DEWC Services, in collaboration with the University of Adelaide and Defence Trailblazer, is leading a research initiative into Hybrid Moving Target Defence (MTD) for container-based cloud environments, using Reinforcement Learning (RL) to create an AI-driven cyber defence system that adapts to evolving threats.
As cyber threats grow more complex, traditional static defences are no longer enough. MTD disrupts attacks by continuously altering the attack surface, making it harder for hackers to penetrate systems.
Current MTD models face challenges in scalability, cost, and real-world application. This project aims to address those issues by integrating RL, allowing for more intelligent and adaptive defence systems.
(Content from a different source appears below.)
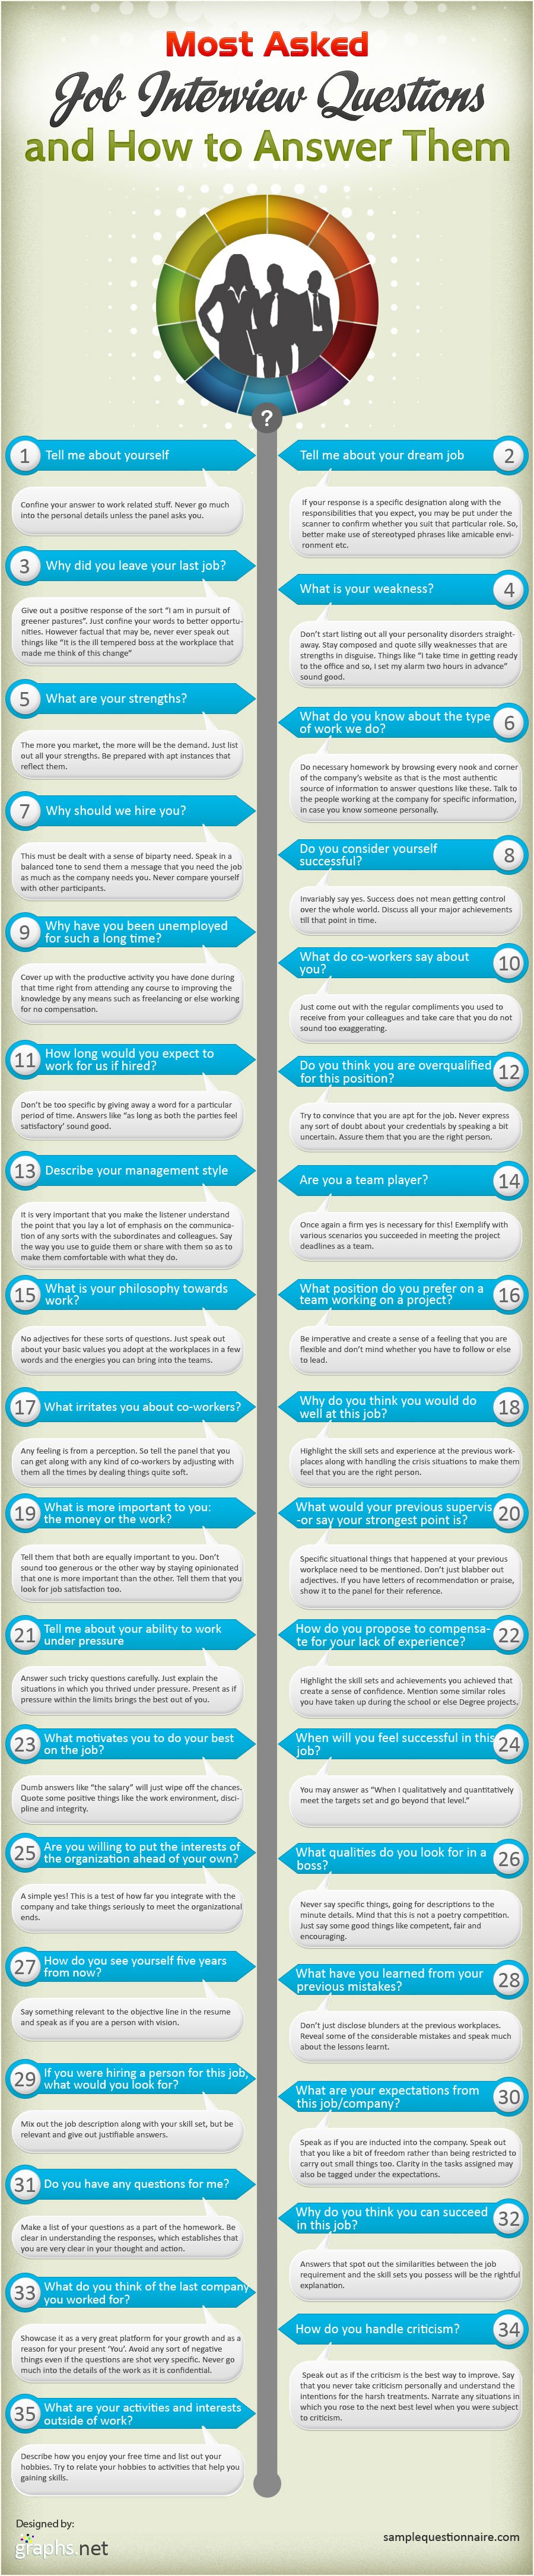 Most-Asked-Job-Interview-Questions-and-How-to-Answer-Them

Dr Tim McKay from DEWC Services explained, “Integrating RL into Hybrid MTD improves security by enabling AI-driven optimization of MTD configurations.”
The research aims to optimize MTD deployment, ensure smooth integration with existing security systems, and develop cost-effective solutions for long-term national security. The team will test the strategies in real-world, high-risk scenarios.
Associate Professor Claudia Szabo from the University of Adelaide added, “This research will help enhance cyber defence adaptability and efficiency.”
DEWC Services will present their findings at the DTECH25 online conference on 18 March, showcasing how RL-powered Hybrid MTD can improve cloud security.
Dr Sanjay Mazumdar, Defence Trailblazer Executive Director, highlighted the project’s importance in advancing AI-driven defence solutions for national security. The team will also develop a prototype to demonstrate Hybrid MTD in real-world defence applications.